Steve is something of a Titanic fanatic and when he was offered a surprise, free dive to the liner over dinner at the annual convention on Titanic-ists in 2001, he couldn't believe his luck. Slightly alarmed that he could not get insurance for the venture, he nevertheless found himself leaving St John's, Newfoundland on the Akademik Keldysh ( a converted Russian survey ship) a few months later headed for the spot where the pride of the White Star Line sank. The dive would be made in one of the ship's two submersibles (Mir1 and Mir2) enclosed in a 6 foot diameter titanium pressure sphere with tiny portholes. The wreck is 2½ miles down and the journey would mean that Steve became just the 67th person ever to go that deep( while more than a 1000 people have been into space.).
The subaquanauts first had to fast for 24 hours – there are no heads in this vessel – and then faced an 11 hour dive with two others in the 6 foot sphere. They were given a cyanide tablet each – maybe in case they didn't get on – and spent 2½ hours going down. The two submersibles went down together (as a somewhat desperate safety measure presumably) and in the 6 hours on the bottom they saw the deck, the bow, Captain Smith's bath, chandeliers, toilet bowls and cups.
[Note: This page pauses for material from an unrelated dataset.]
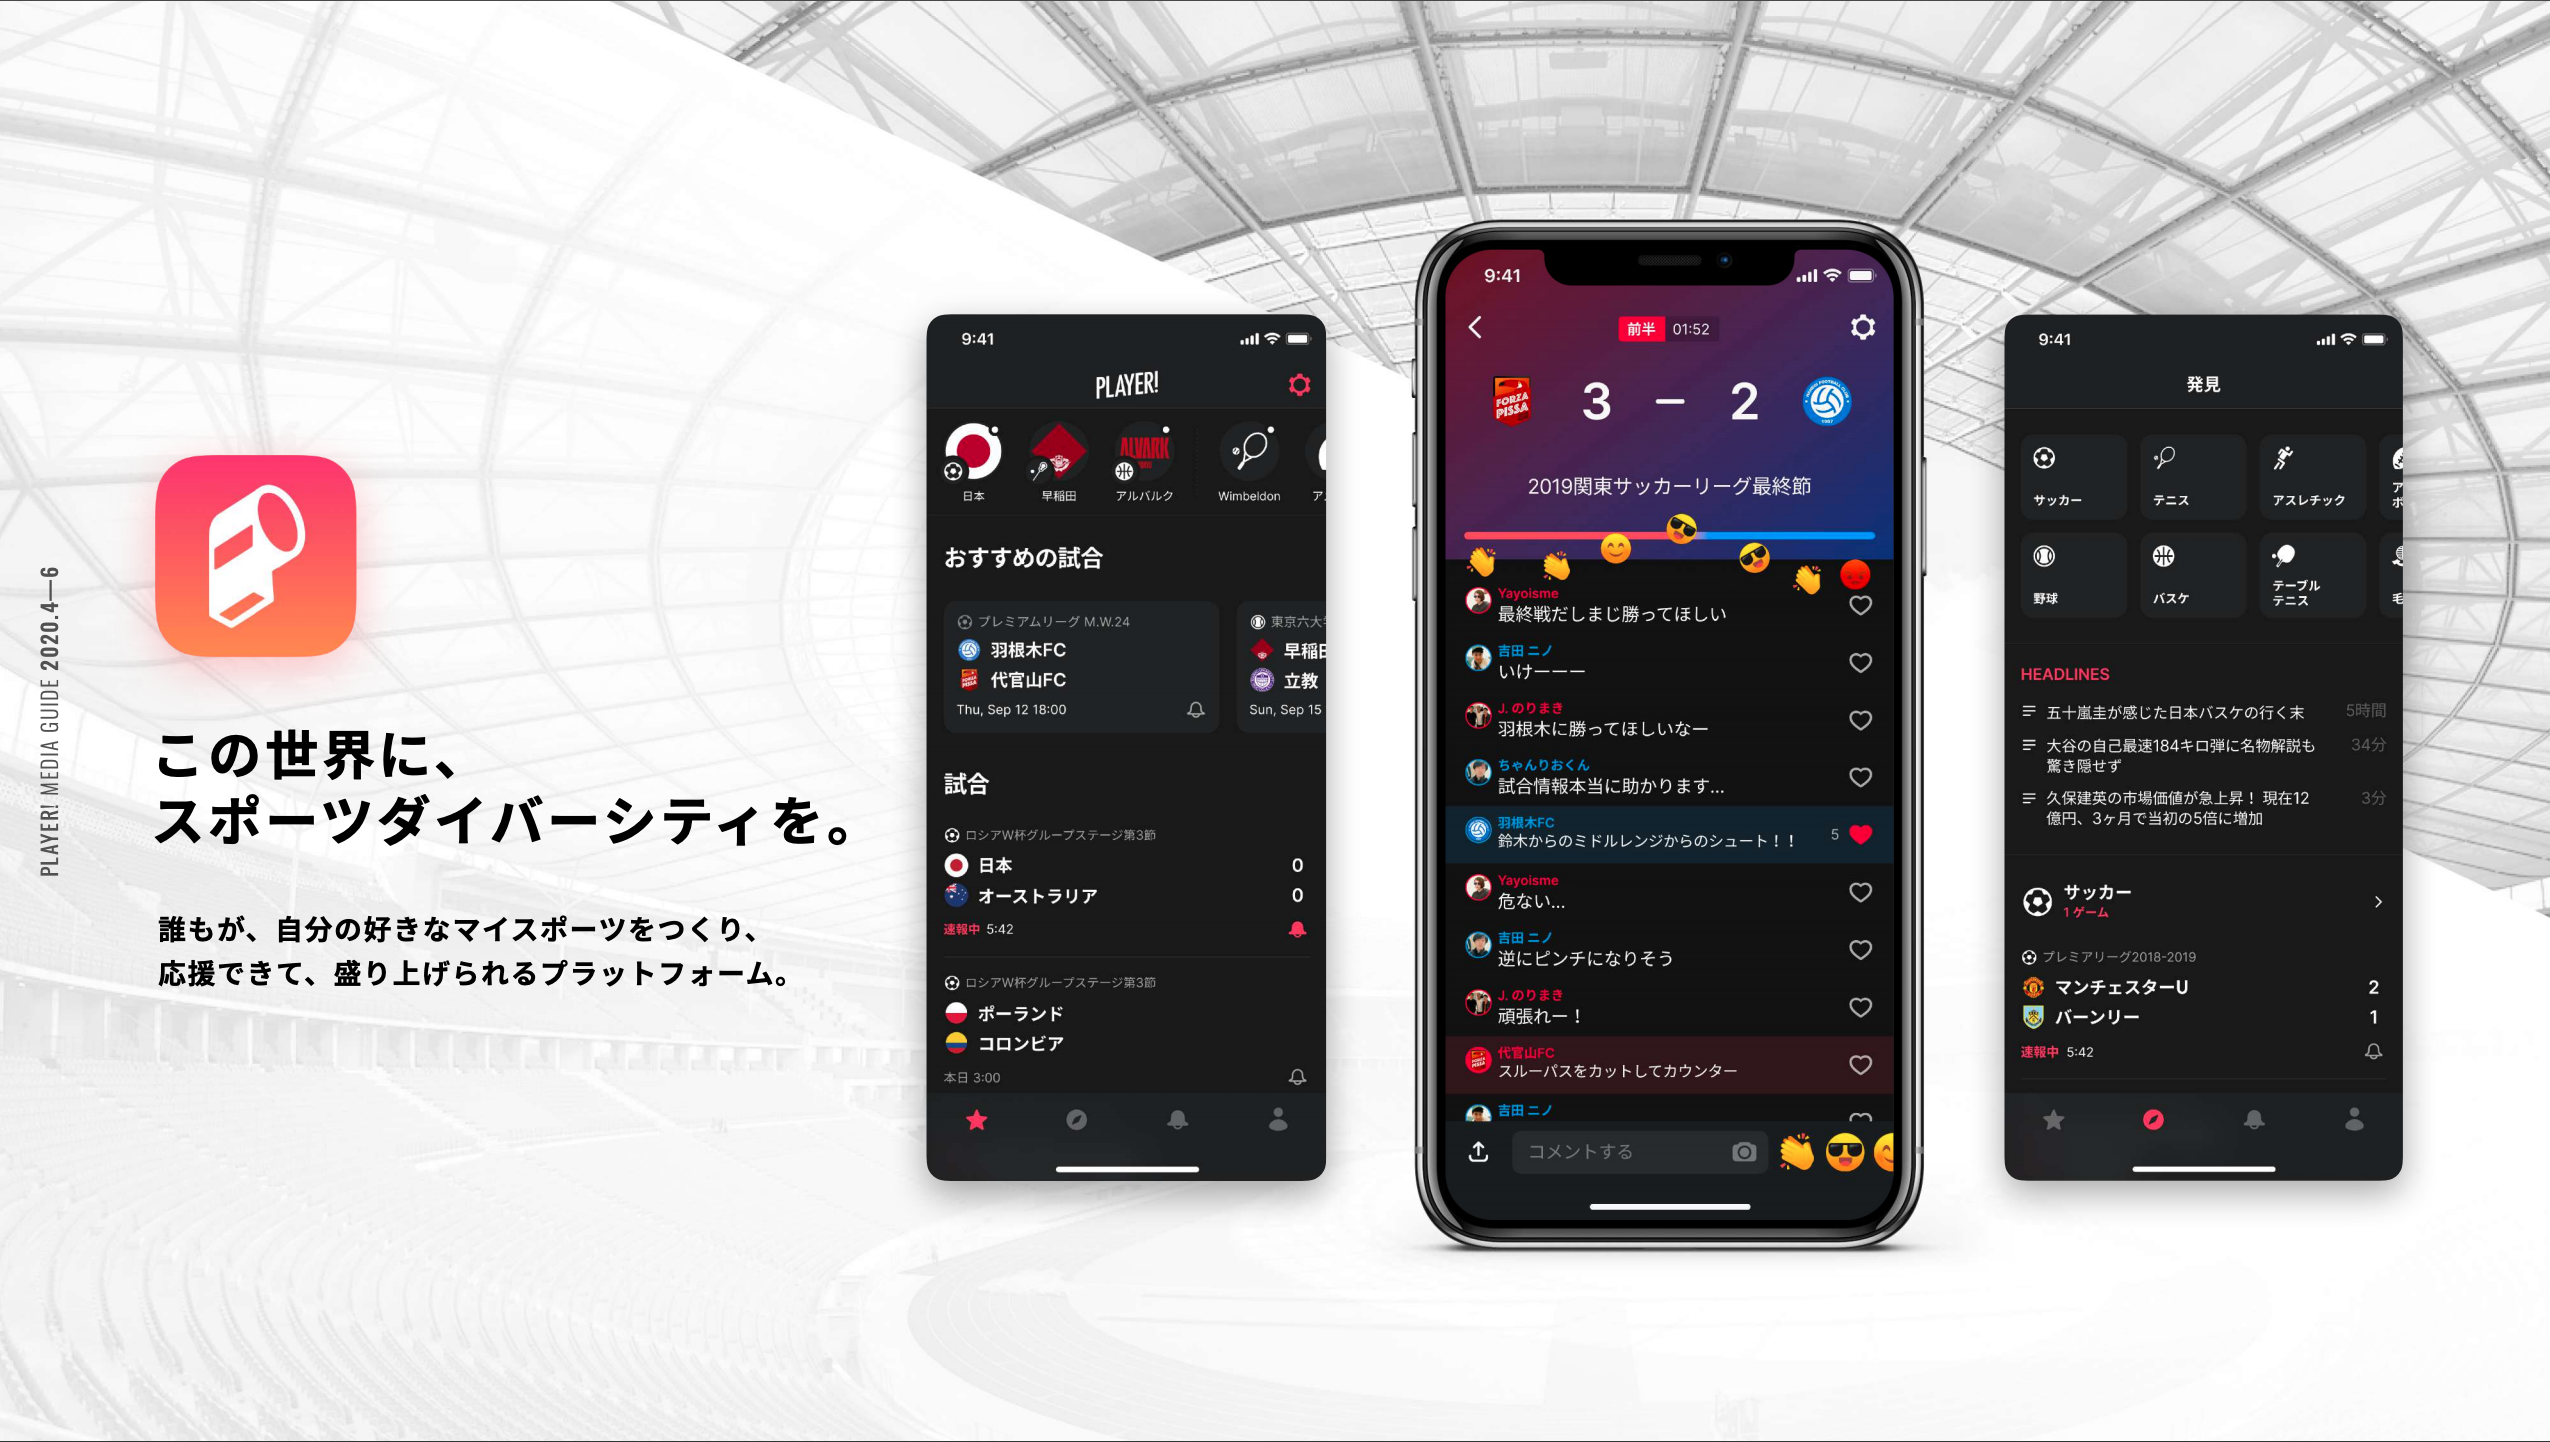 Player Ntt Sportict 学生スポーツ100試合をaiカメラを用いて配信決定 Ookamiのプレスリリース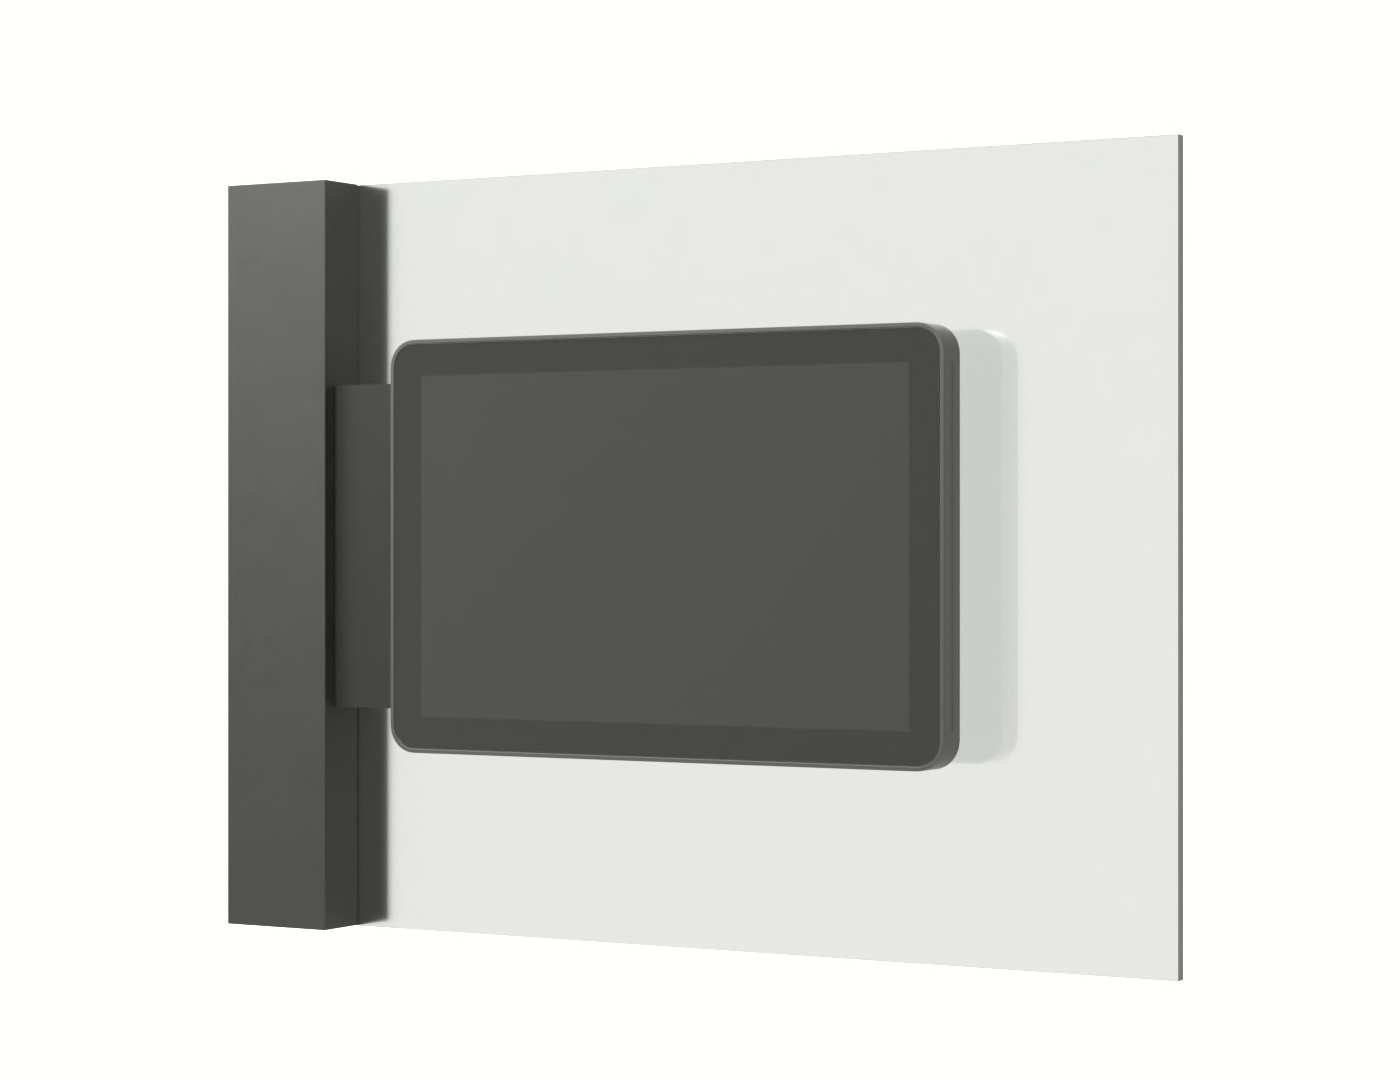 logitech-tap-scheduler-mount-glass.jpg (1400×1080)

The debris was spread over an area the size of London. Skeletons (is this too much information for seafarers?) dissolve in just 18 months but the tannin in leather means that shoes and suitcases last almost forever. The wreck is crumbling quietly away at an ever faster rate; whole chunks of the deck are ready to collapse.
The high point for me was when the two subs accidentally collided while creeping about beside the hull. A loud bang apparently. I'm not a natural panicker but I'd have swallowed my suicide pill there and then. Fortunately Steve didn't and 2 ½ hours later emerged into the sun.
This was an extraordinary tale, well-told and well illustrated. Afterwards everyone I spoke to agreed that it was not a trip for them. Three people for eleven hours at near five hundred atmospheres pressure in something the size of a VW Beetle without facilities was just too much. It made sailing seem sane.
Steve? He's going down again this summer. But he really wants to dive to the Bismarck. She's resting on a mountainside about 5 miles down in the Atlantic. So that will be a real adventure.